Cleaning Messy Data and Timeline Visualization

We’ve talked a lot in this course about messy data and the different benefits of tidy, clean, smart, big, etc. data. As you begin working on your final projects, you’ll no doubt find or create some messy data that will need cleaning. Today, we’ll practice a great tool to do that with, and explore a way to create a timeline visualization with a simple framework that uses a google sheets backend.

Cleaning Data with OpenRefine

OpenRefine is like a spreadsheet program but with extra special features that let you perform batch operations to clean and transform data and turn messy OCR’d or scraped text into nice regular tabular data.

Bar Chart Race

OpenRefine is the program I used to manipulate the data from the Data Vizualization lab to fit the format necessary to create the Bar Chart Race diagram on Flourish.studio below, which some of you also found.

This template wants a dataset with a row for each participant in the race (in this case, each name) with a first column containing the Label, optional Categories (e.g. gender), and each subsequent column representing a “stage” of the race (e.g. a year) that holds the Values (e.g. counts).

So we need to change our data from the format on the left in which we received it, to the one on the right, with one row for each name and counts broken into their own columns, which is how our visualization tools wants it. OpenRefine, will let us do this in a few quick steps.

1. Install OpenRefine

Head to www.openrefine.org/download and download OpenRefine.

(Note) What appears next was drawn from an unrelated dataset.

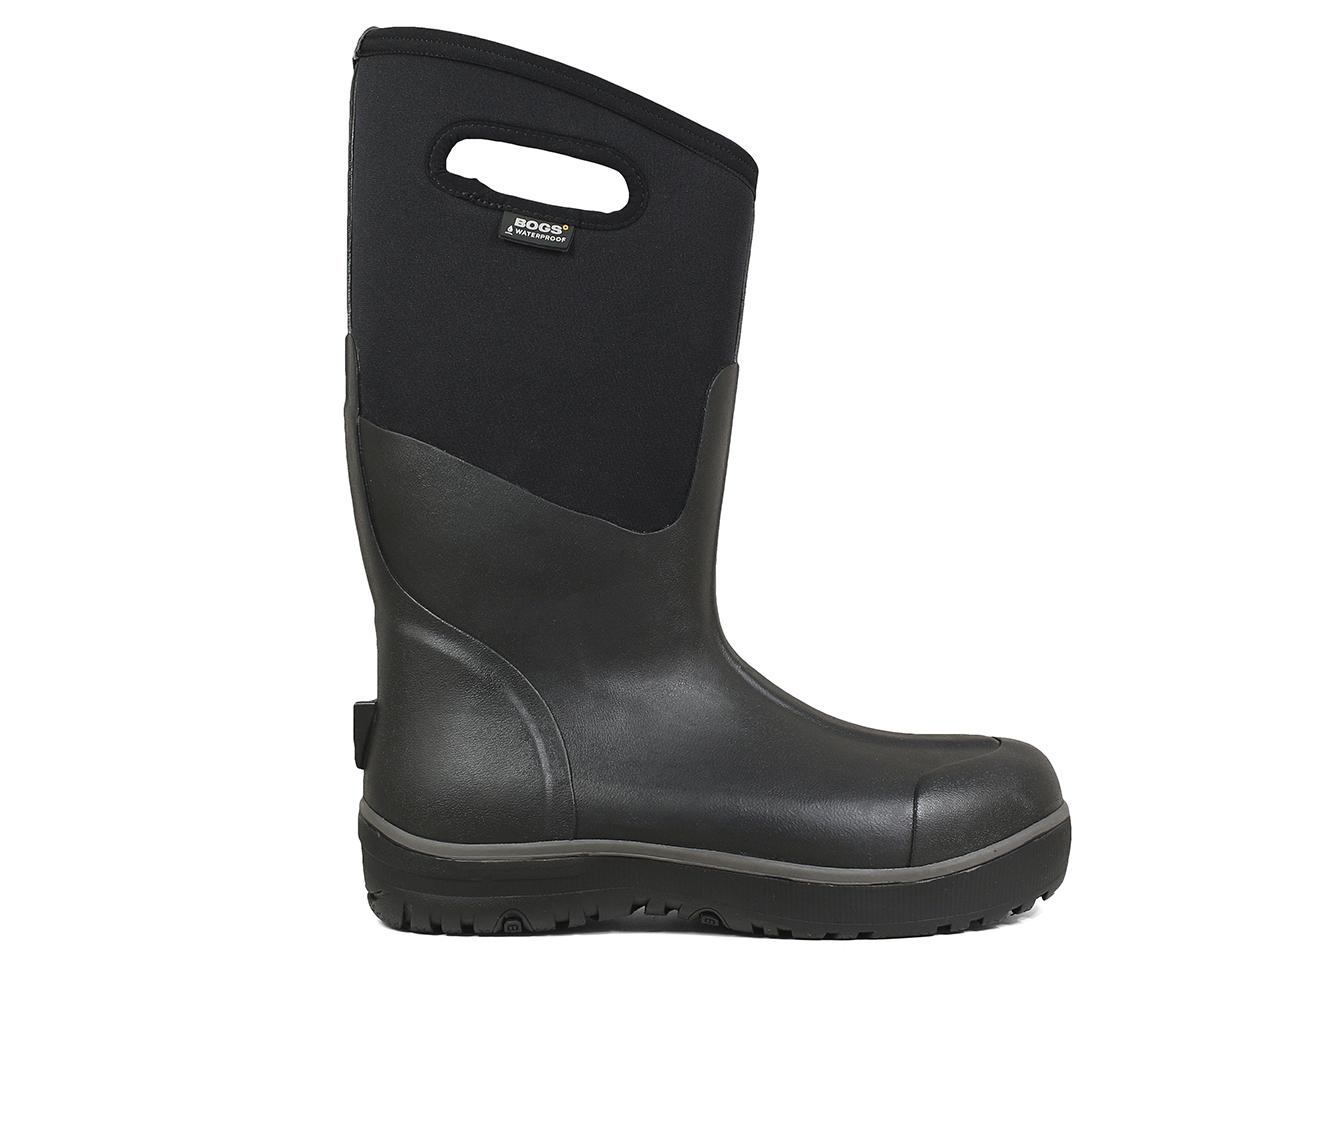 Bogs Footwear Ultra High Waterproof Men's Boots (Black Fabric)
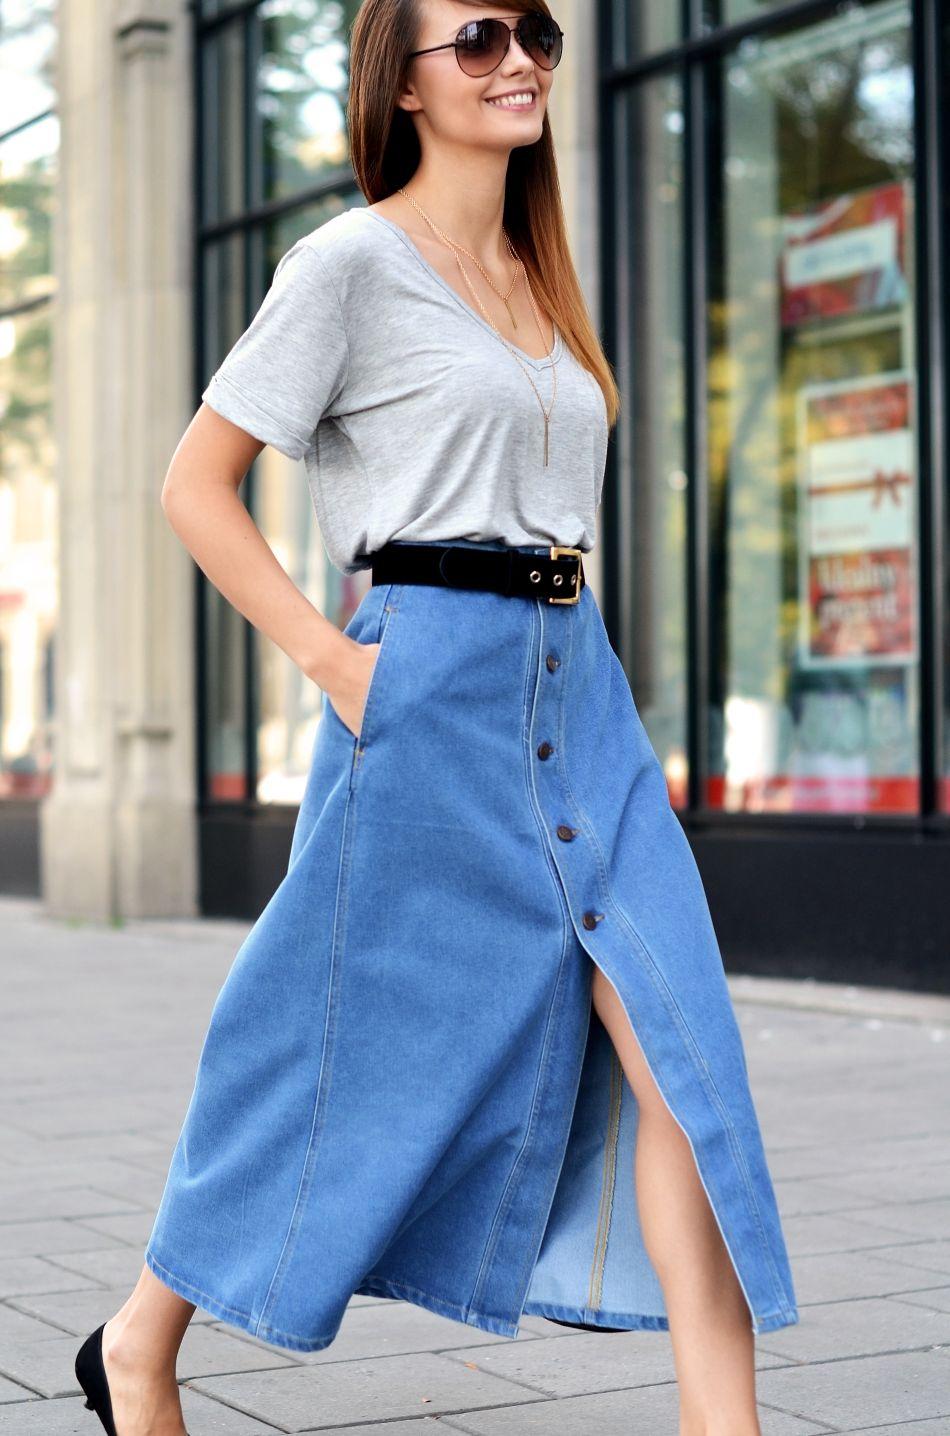 jeans | dluga spodnica | przyjemnosci za darmo | blogi o modzie | blog o modzie | blog modowy | blogerka modowa krakow

It’s available for Windows, Mac and Linux

NOTE: If you’re on a Mac and, when you try to open OpenRefine, you get a message saying that you can’t open software from an unidentified developer, do the following: right-click the program and choose Open, then click Open again.

2. Import Project Archive

OpenRefine lets you save a project archive file that contains the data and the Undo / Redo history of all the steps taken to clean your data.

Download the Project Archive file below that contains the OpenRefine steps I followed to reformat the data for Flourish’s bar chart race.

Baby Names Bar Chart Race OpenRefine Project Archive

Go To Import Project and find the .tar.gz archive file you downloaded above.
Import and you should see the reformatted data with the full history of actions taken

3. Reformatting data to fit a visualization tool with OpenRefine

Go to the Undo / Redo tab to see the complete history of operations, and return to step 0.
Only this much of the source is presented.